Unfortunately, many companies do not realize that the cost of implementing automated data capture rather than manual keying is relatively modest--generally much less than the investment they already have made in their back-end systems. Labor savings over keying from paper or image can be considerable, producing a solid ROI in a short time. In addition, new capabilities in data capture, such as XML and data capture from unstructured forms, are making imaging systems more versatile.

The ability to handle eXtensible Markup Language (XML) is a feature that most data capture companies have been adding to their repertoire. XML is becoming the de facto common language that can cross the lines between different enterprises, supporting e-commerce and other e-business initiatives. InputAccel from ActionPoint, for example, is geared for mid- to high-end applications and can convert scanned data to XML for delivery to back-end systems. After optical character recognition (OCR), the data is converted to the designated output format and directed by the InputAccel server to the appropriate repository. Data from a form can be split up so that one field is indexed and stored in a document management system, while another, such as order status information, is converted to XML for ready deployment on the Web.

“One of our customers is converting scanned information from its shipping records into XML so that its freight customers can view it online,” says Alan Abrina, product manager for InputAccel. The application illustrates the value of XML in extending accessibility of data to users outside the enterprise. Abrina also cites InputAccel’s open architecture as a strong asset. “Our customers can choose technology from among our offerings or integrate third-party software that complements our suite,” he says. “InputAccel lets users adapt to changing technology as well as to changing requirements.”

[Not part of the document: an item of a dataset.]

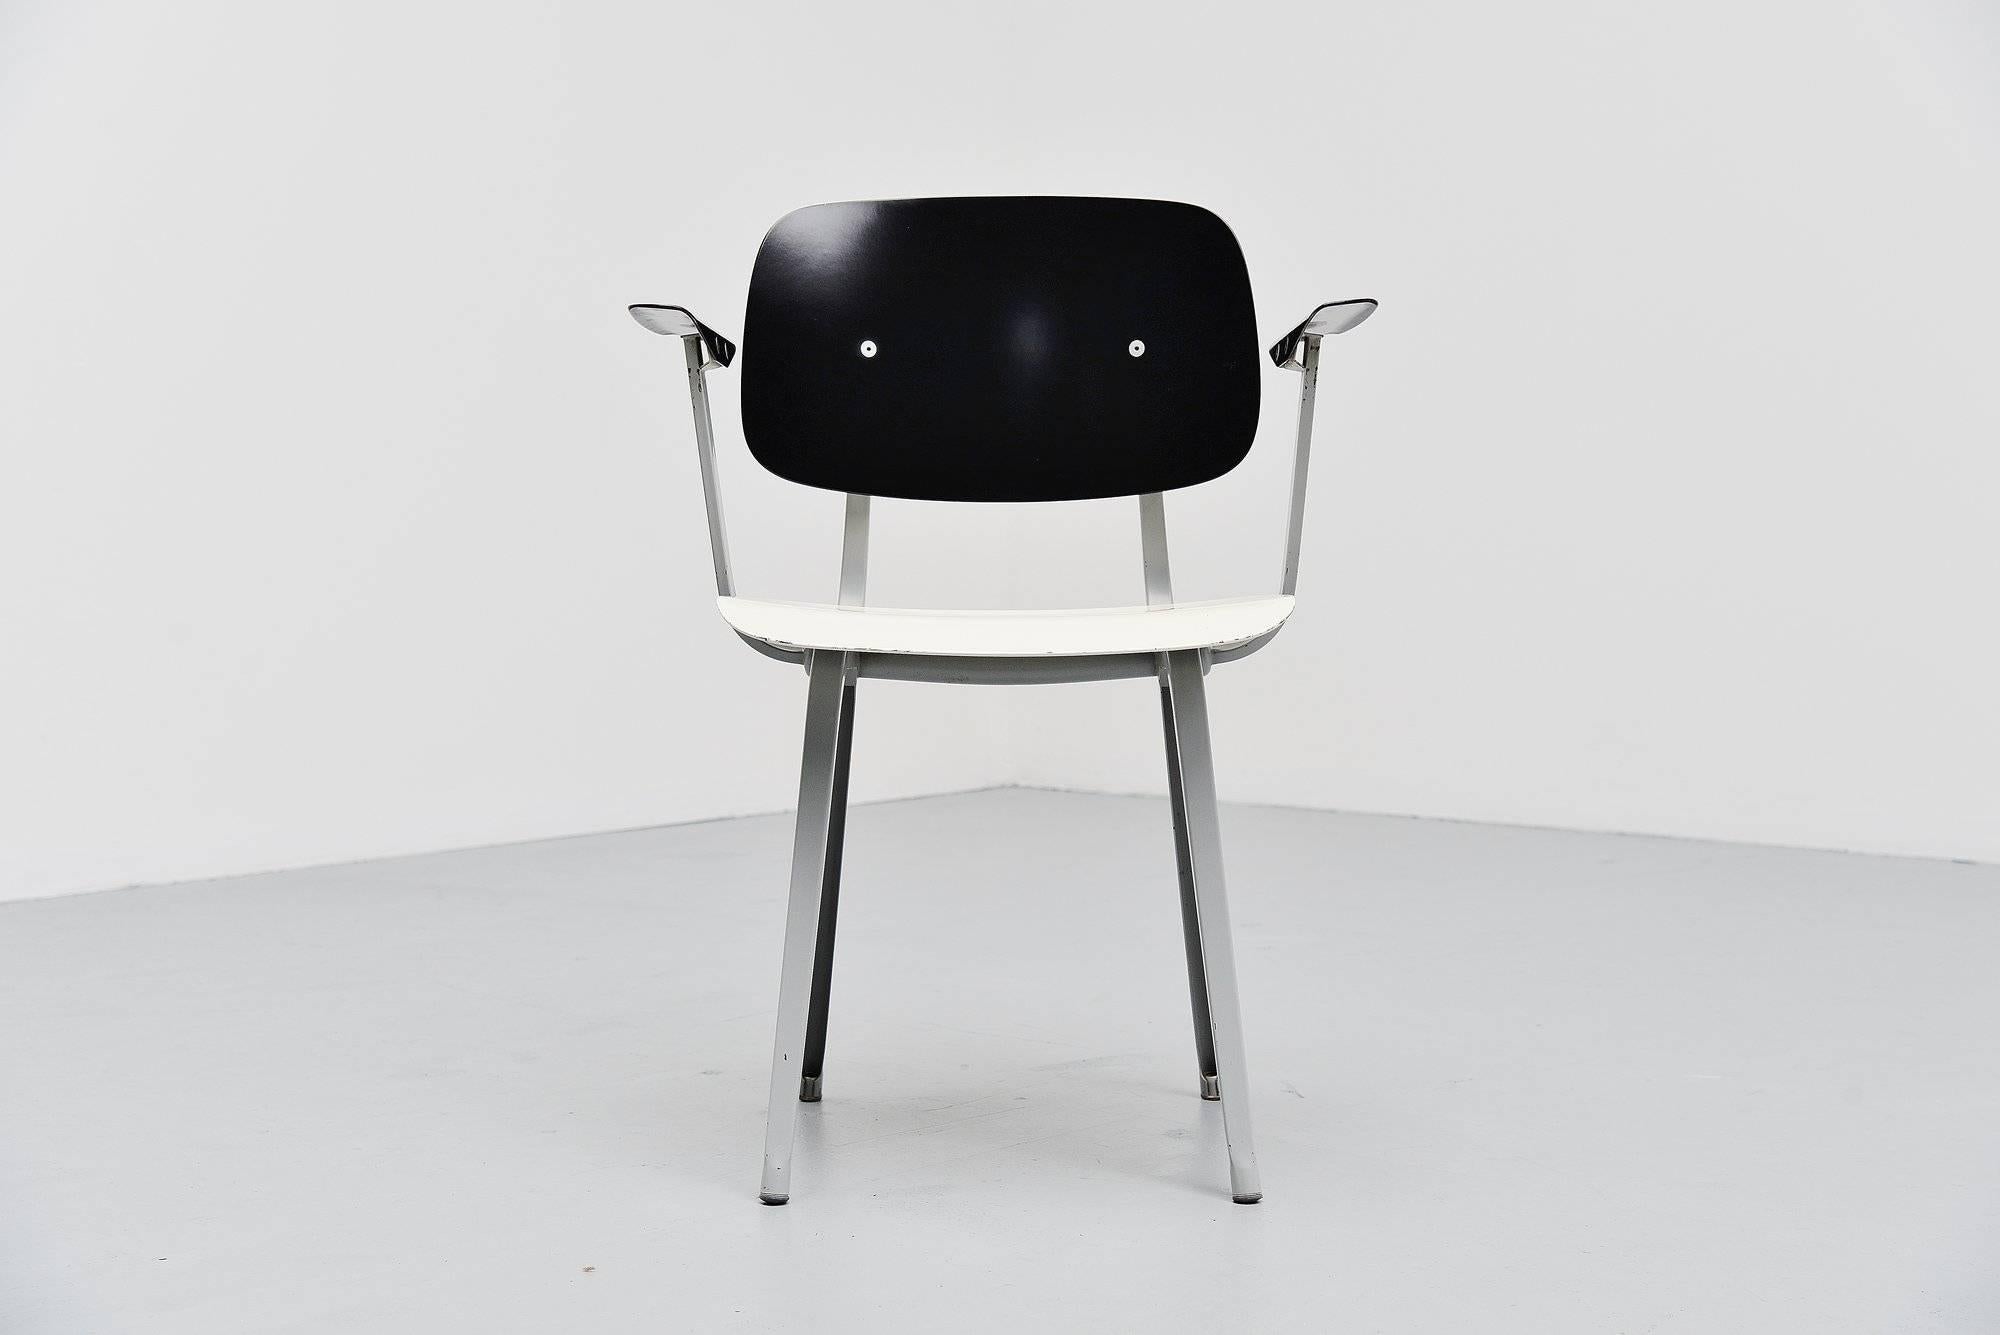 Rare fauteuil Revolt de première production conçu par Friso Kramer pour Ahrend de Cirkel, Hollande, 1953. Cette chaise a été fabriquée pour le TH Delft qui a chargé Friso Kramer et &New de décorer le nouvel intérieur. Ces célèbres chaises TH Delft

XML can also be captured at the front end. Ascent Capture from Kofax can import XML, printstream and other input, and convert it to an image. The image is then put through the OCR process and output in the desired format.

“The value of this approach is that the same system can be used for capturing electronic and paper-based data,” says Tom Rossi, senior marketing manager at Kofax, “which saves time and money. Anything that can talk to XML, such as enterprise resource planning (ERP), can also talk to AscentCapture.” Ascent Capture exports 50 different formats (including XML); data can be sent to FileNet (filenet.com), Documentum (documentum.com), and IBM’s (ibm.com) Content Manager, as well as to repositories of software products from many smaller firms. AscentCapture is also tightly integrated with Microsoft’s (microsoft.com) newly introduced SharePoint.

One of Kofax’s strengths is an improved scanning method called virtual rescan (VRS), which was shown by Doculabs (doculabs.com) to produce a 35% increase in character and field recognition accuracy. The process evaluates the scanned images in real time and adjusts for brightness, contrast and other characteristics. VRS provides images that are easier to read, which also facilitates keying from image, and improves recognition significantly during the OCR process. Because the image quality is higher, users rarely need to rescan images, a time-consuming and expensive process.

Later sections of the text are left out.